The narratives Jackson describes often are located at sites of ethical dilemmas and political controversy. Some involve retaliation or reconciliation, and many are stories of suffering, including those told by soldiers, victims, refugees, and stolen Aboriginal children. He refers to them as “the extraordinary stories of ordinary people” (29), and his research is informed by the fundamental question of how narrative provides a means to see beyond one’s personal experience. Further, and importantly, he is interested in how narrative can transform how we understand our experience (144).

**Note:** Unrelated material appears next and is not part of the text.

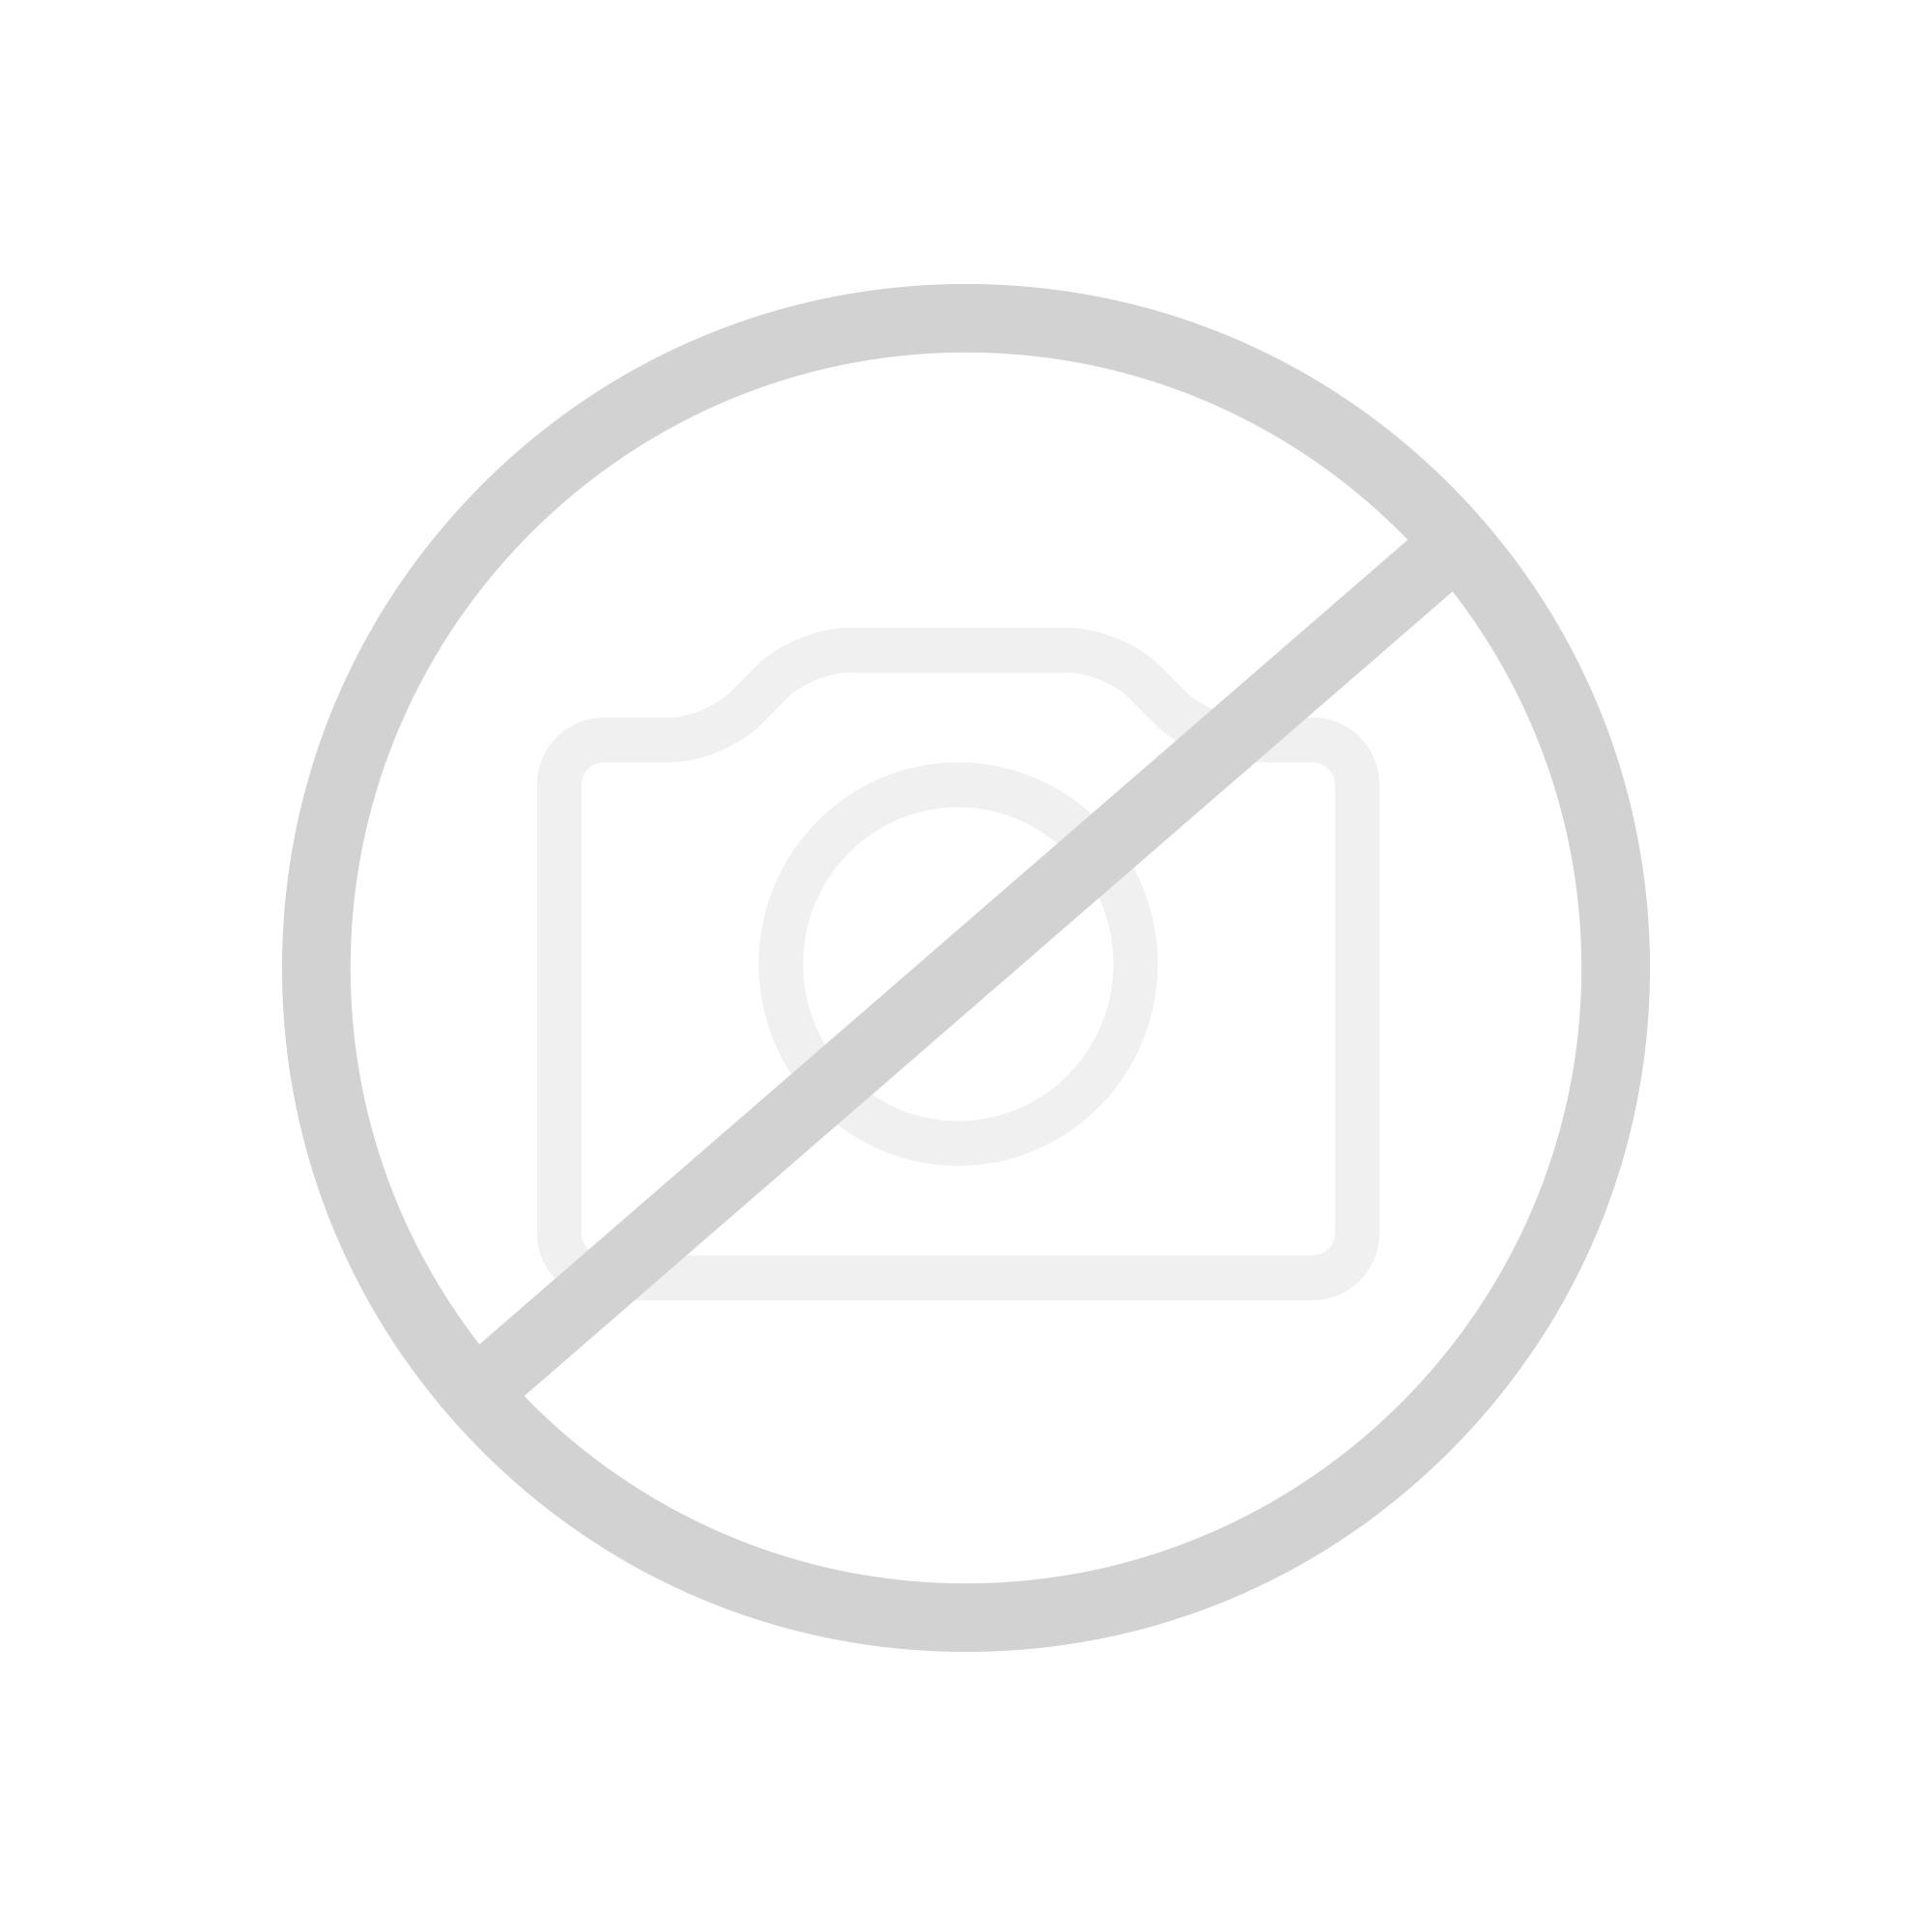 keramag citterio regal mit spiegel graubraun 835101000 reuter onlineshop. Black Bedroom Furniture Sets. Home Design Ideas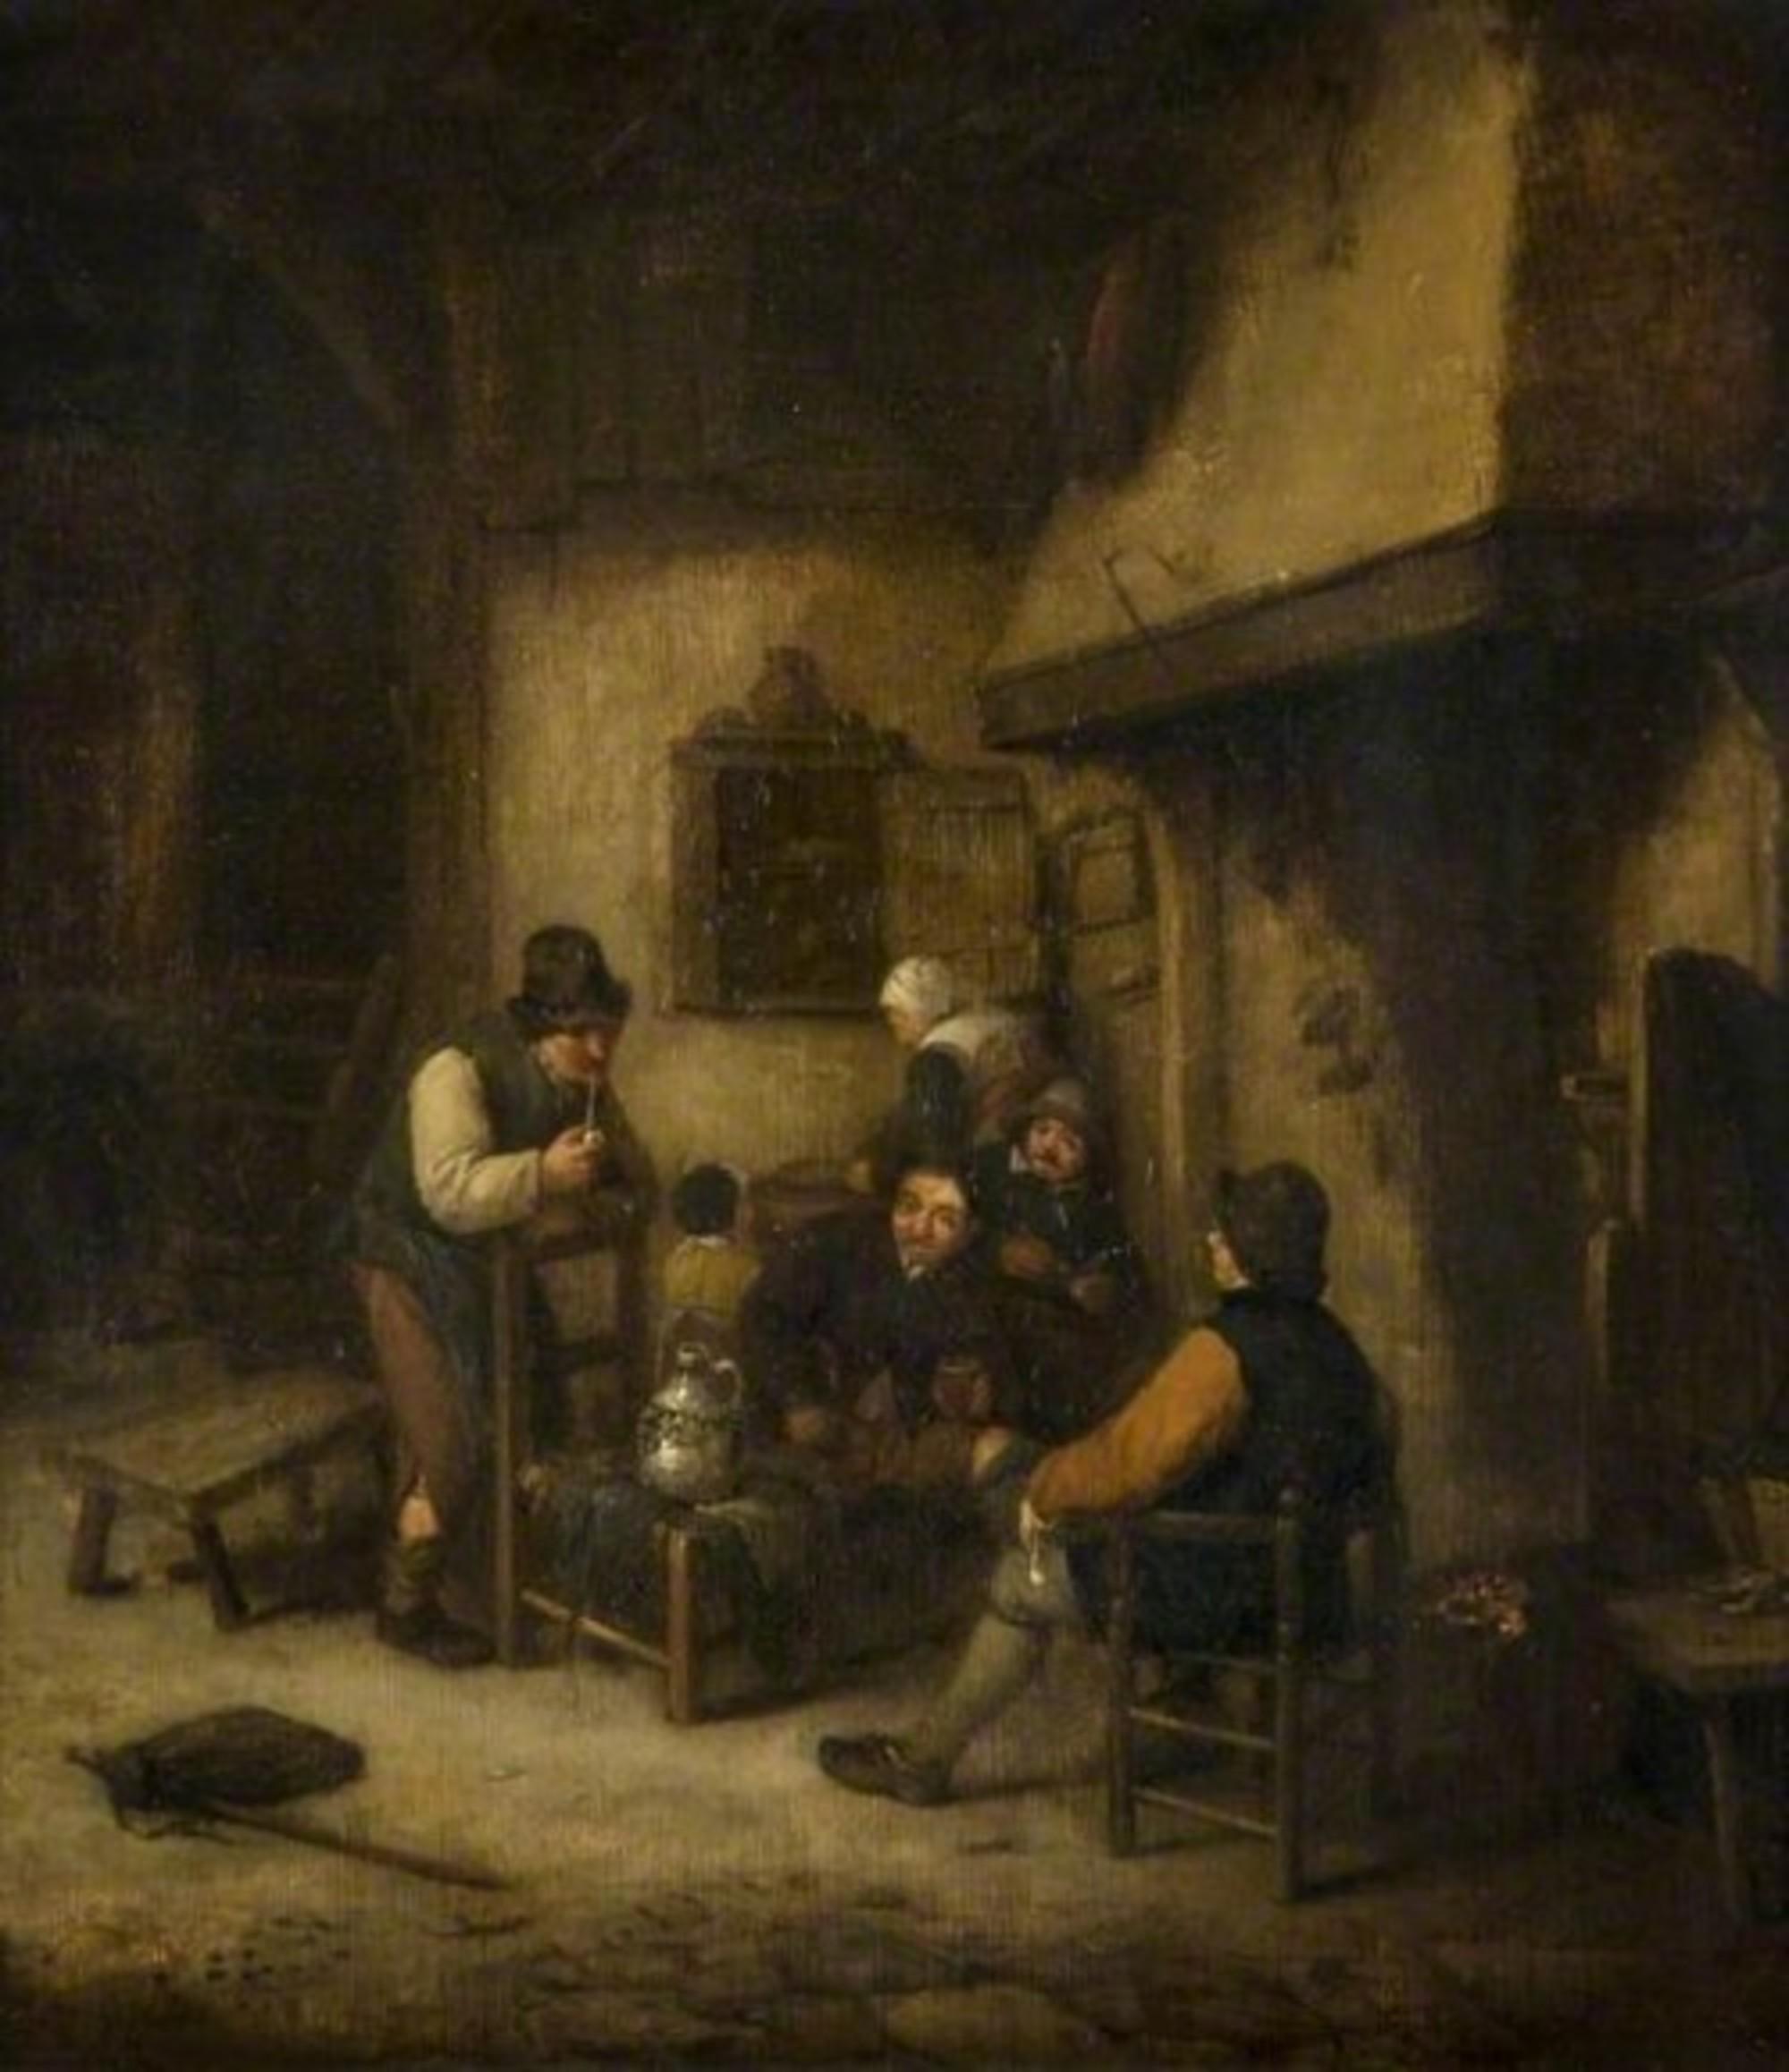 Adriaen-van-Ostade---Interior-with-Peasants-by-a-Fire-GL-GM-78.jpg

Jackson’s discussion engages in the complex interplay between remembering experiences of loss and suffering, and using storytelling to gain agency. He asks, “If stories, lives, and journeys are so intertwined, what happens to our capacity to tell stories when our lives are torn apart?” (31). Drawing on Arendt, Jackson argues that agency is always intersubjective and always part of a social interaction. In insisting on intersubjectivity as central to creating and claiming agency, he offers an important critique of the subjectivist position that equates a story and an individual (rather than social) life (40). He writes, “While it is my aim to place stories in social context and clarify their structural transformations, my overriding concern is with the ways in which stories facilitate an intersubjective dynamic, in which the condition of social viability is shown to depend on a balance that people strike between being subjects for themselves and objects for others” (180).

Jackson discusses what he calls the in-between space of intersubjectivity that defines narrative in the social world (246). Reviewing the work of Walter Benjamin, Arendt, and others, he interrogates the complexity of this position across several domains, including space and time, across cultural difference, and across the before and after of trauma. He points out how the in-between space creates affordances and obstacles, for example, creating a generalized account of events that are too close for comfort to be told personally, and, alternatively, criticizing a generalized, mythologized, account for obscuring and compressing personal experience (145).

One of Jackson’s driving questions regards the possibilities of transformation afforded by narrative. He is critical of discussions of identity in narrative scholarship as over-simplified and often inaccurate. Identity categories “convert subjects of experience into objects of knowledge” (132). They belong to episteme, knowing, rather than techne. Beginning with the premise that identities are always co-produced, Jackson identifies how narratives work at multiple levels, personally, transpersonally, and impersonally (226).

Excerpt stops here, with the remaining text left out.